> [Problem statement]:
Retyped exactly and without pictures, the lines from the one with "Anthology Igneous Quartz Wallpaper by HAR" through the end of the listing must form the entire answer.

Extracted data Block Start

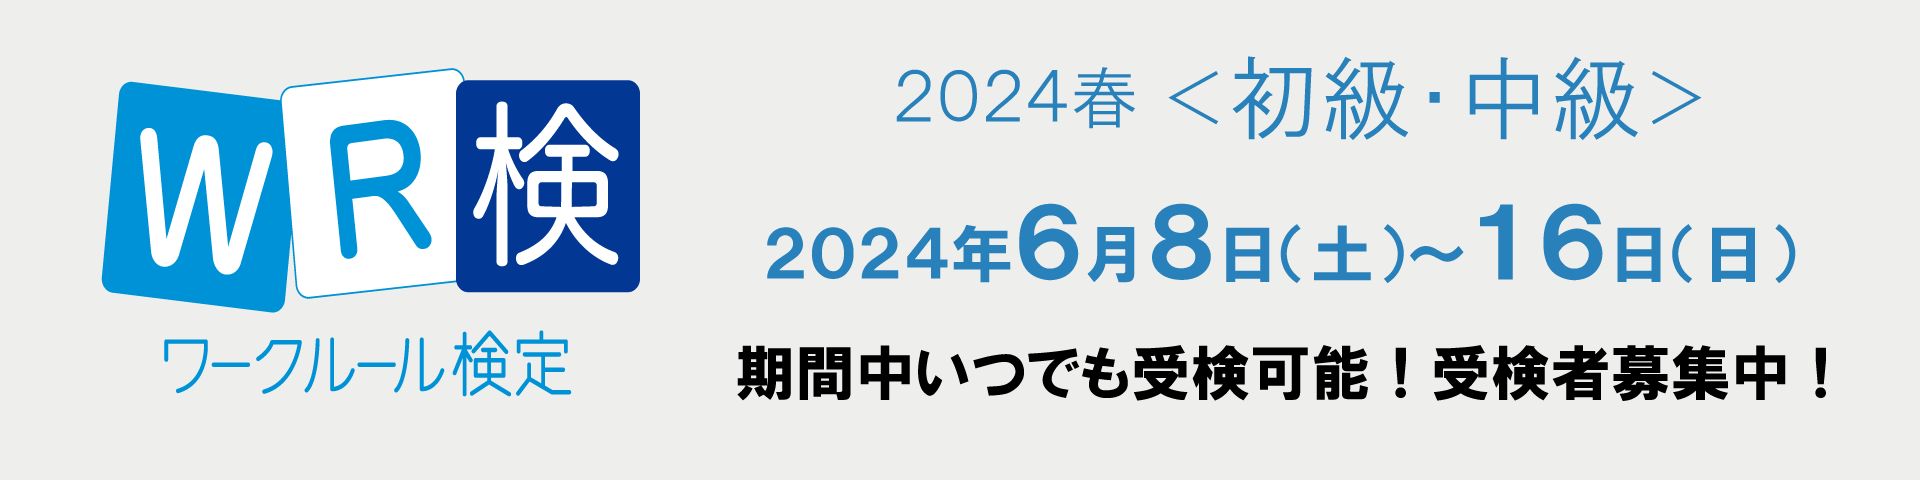 連合滋賀,ワークルール検定,2024春
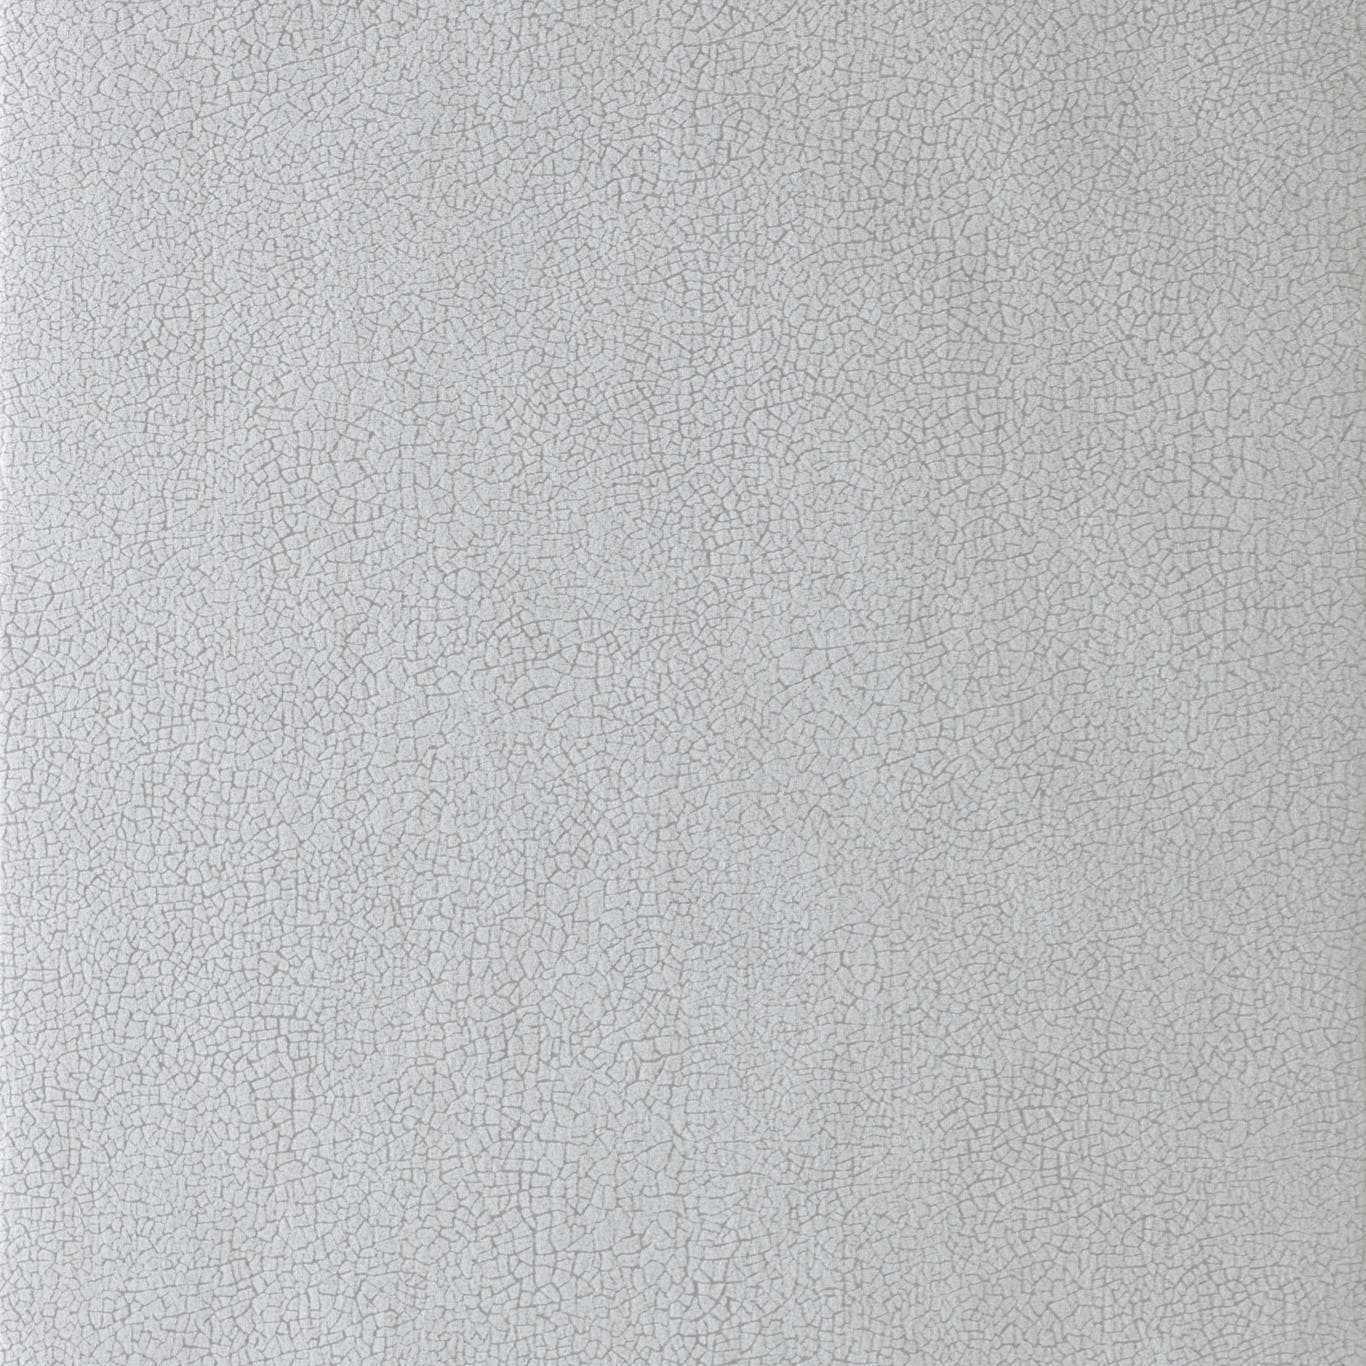 Anthology Igneous Quartz Wallpaper by HAR
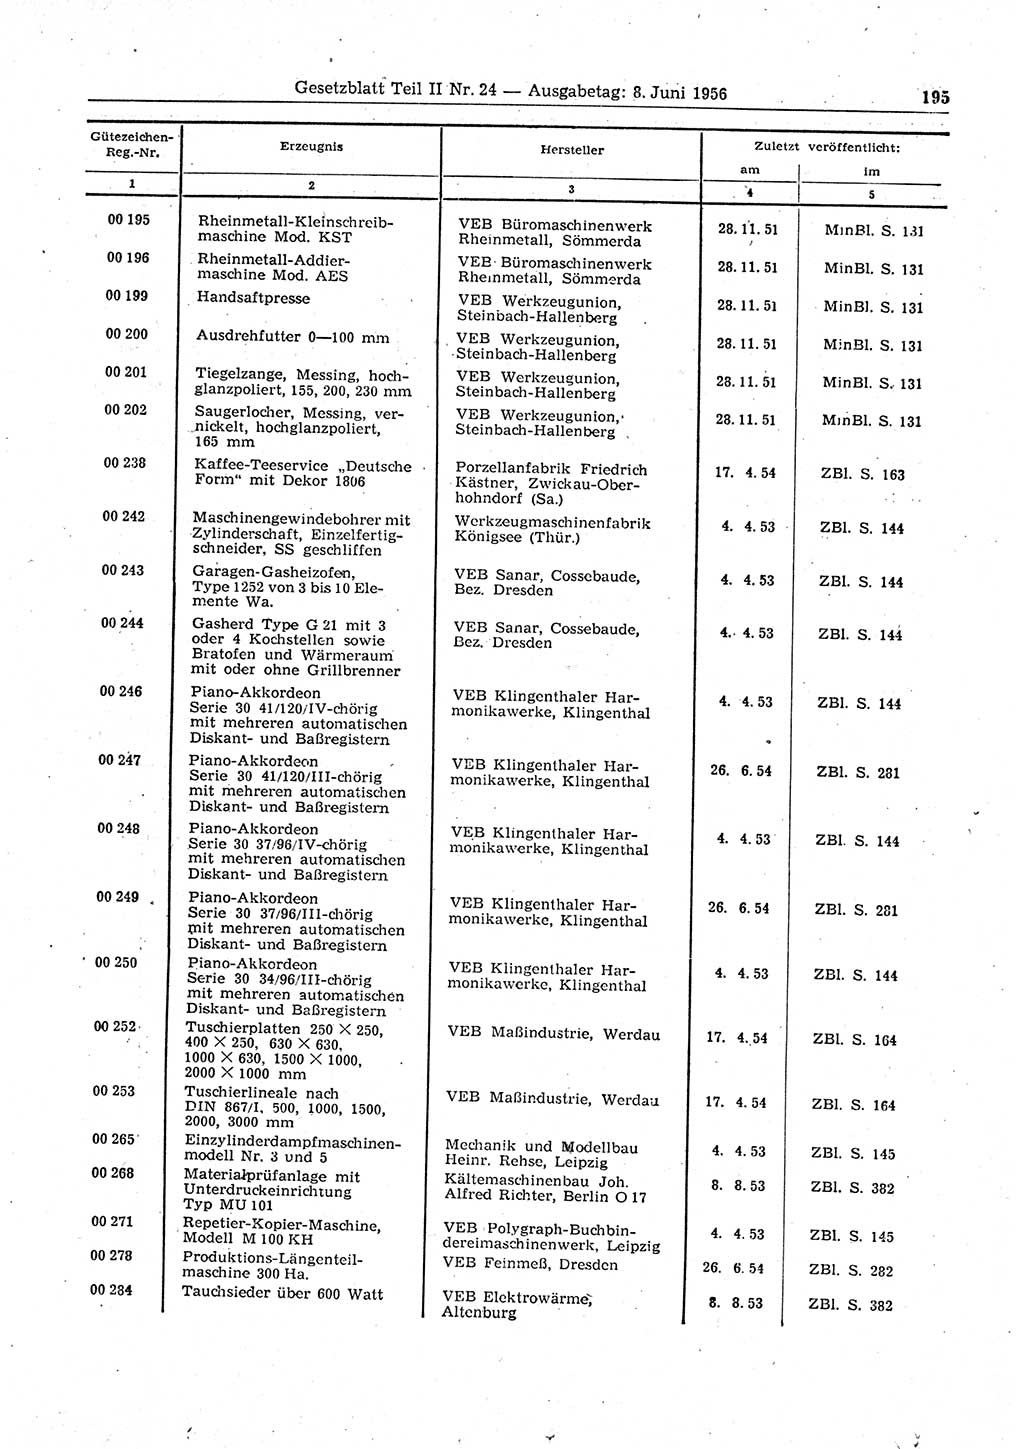 Gesetzblatt (GBl.) der Deutschen Demokratischen Republik (DDR) Teil ⅠⅠ 1956, Seite 195 (GBl. DDR ⅠⅠ 1956, S. 195)
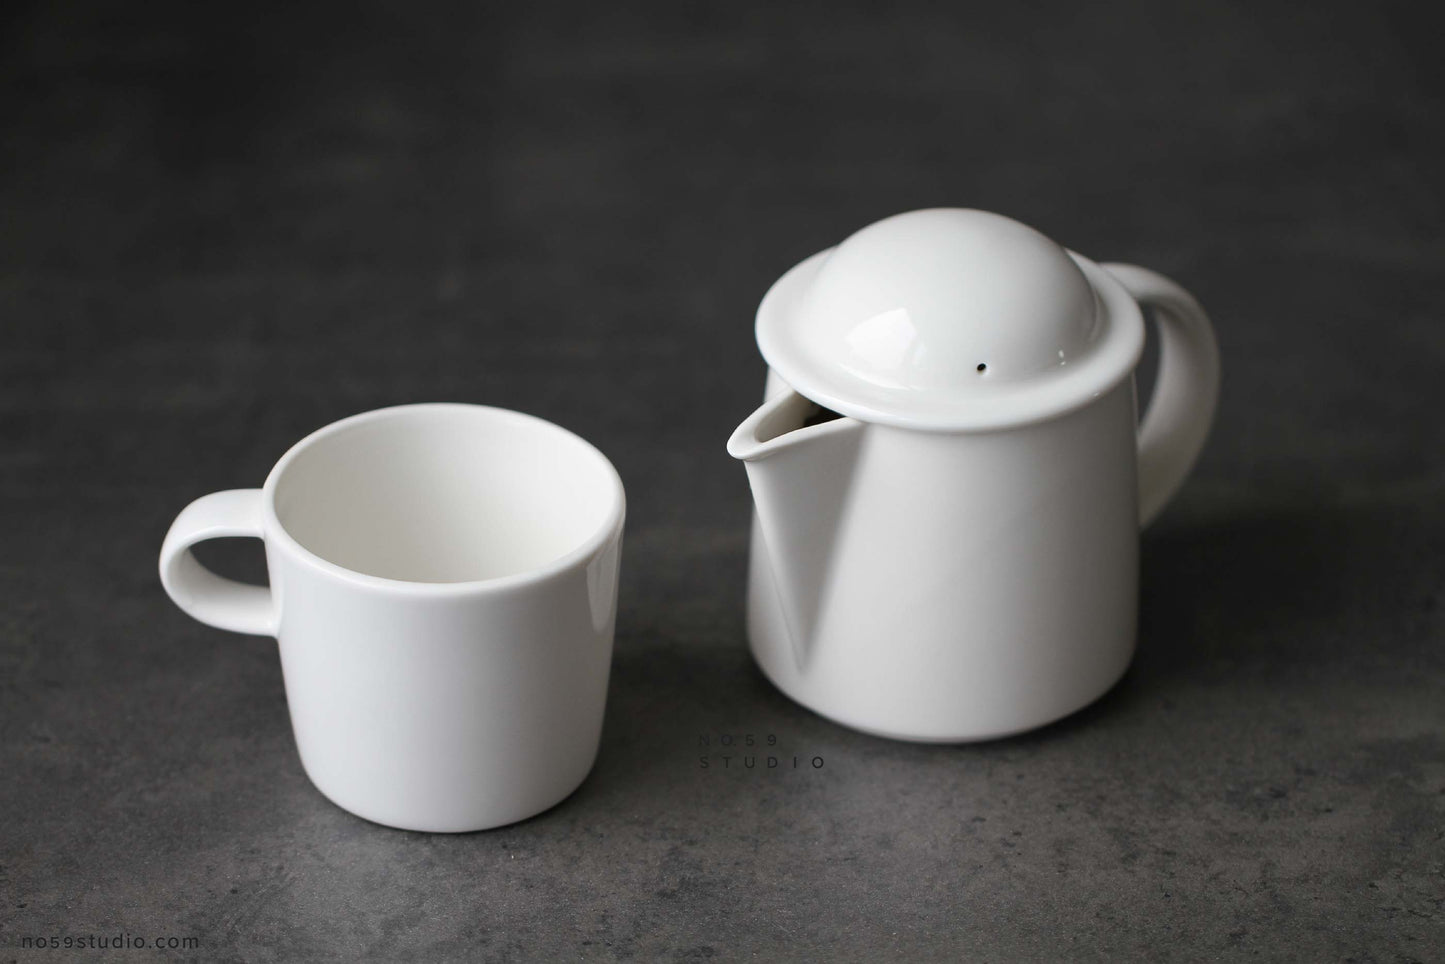 White Porcelain Tea for One Set
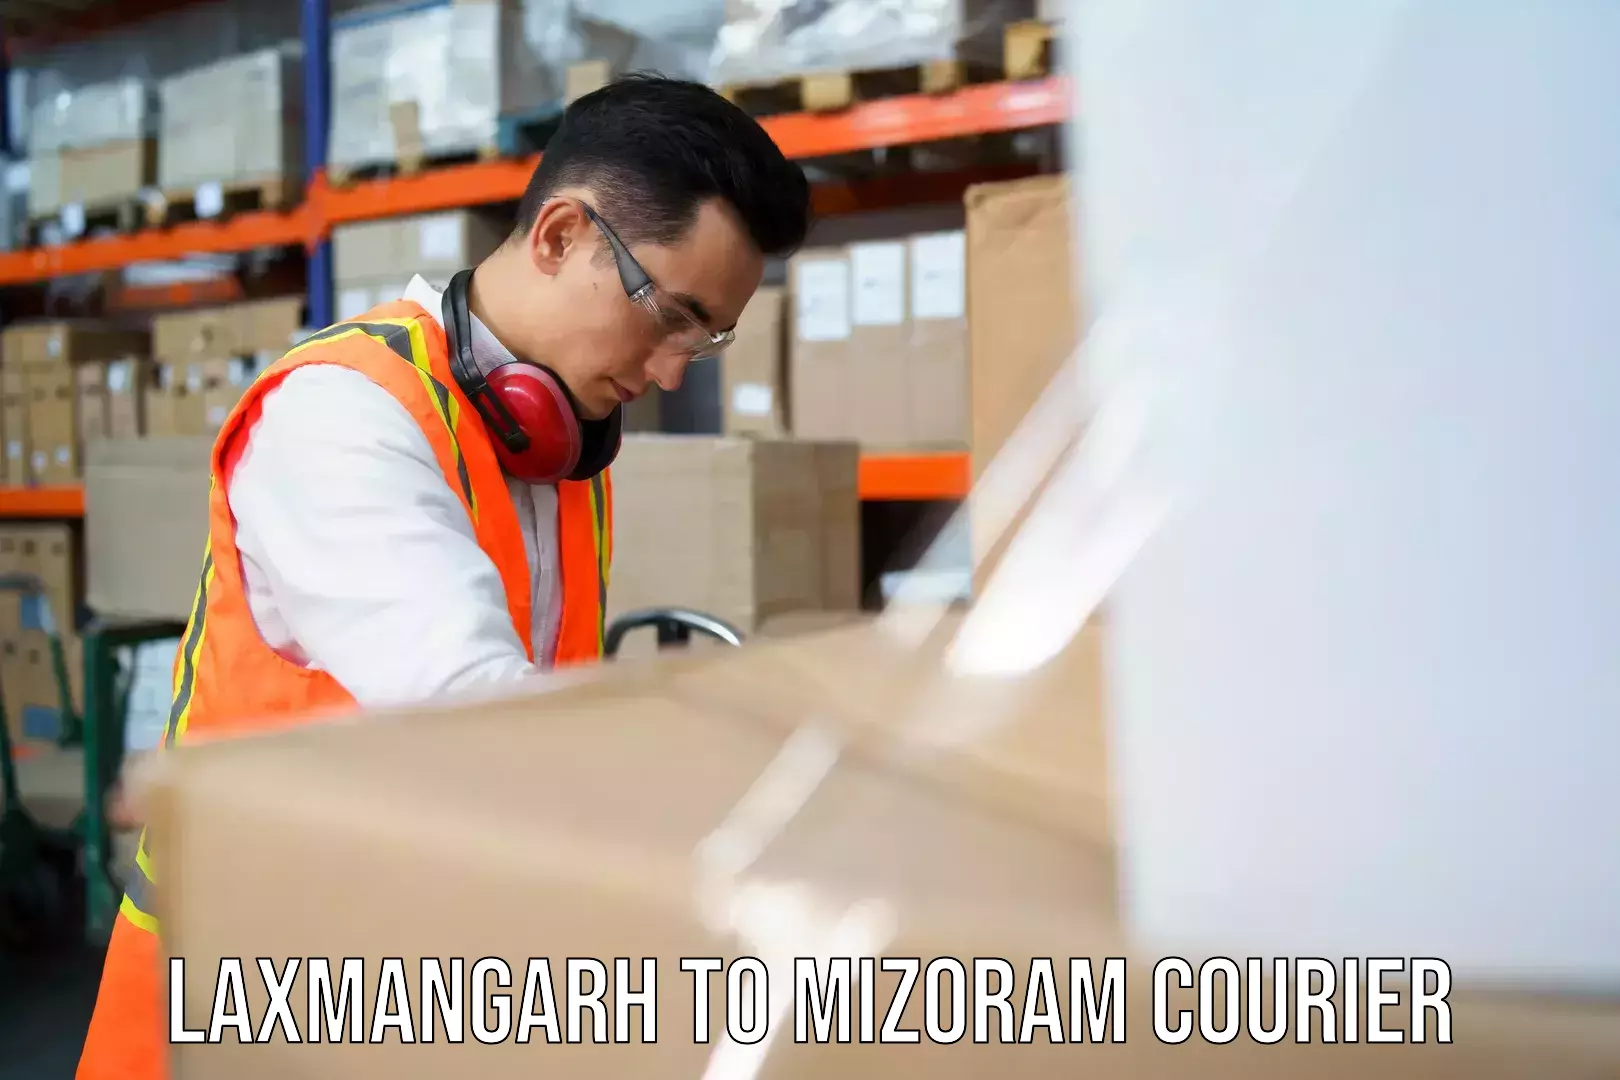 Customer-centric shipping Laxmangarh to Mizoram

Extracted data Block End

> [Result of this exercise]:
 Anthology Igneous Quartz Wallpaper by HAR
 Gesetzblatt (GBl.) der Deutschen Demokratischen Republik (DDR) Teil ⅠⅠ 1956, Seite 195 (GBl. DDR ⅠⅠ 1956, S. 195)
 White Porcelain Tea for One Set
 Customer-centric shipping Laxmangarh to Mizoram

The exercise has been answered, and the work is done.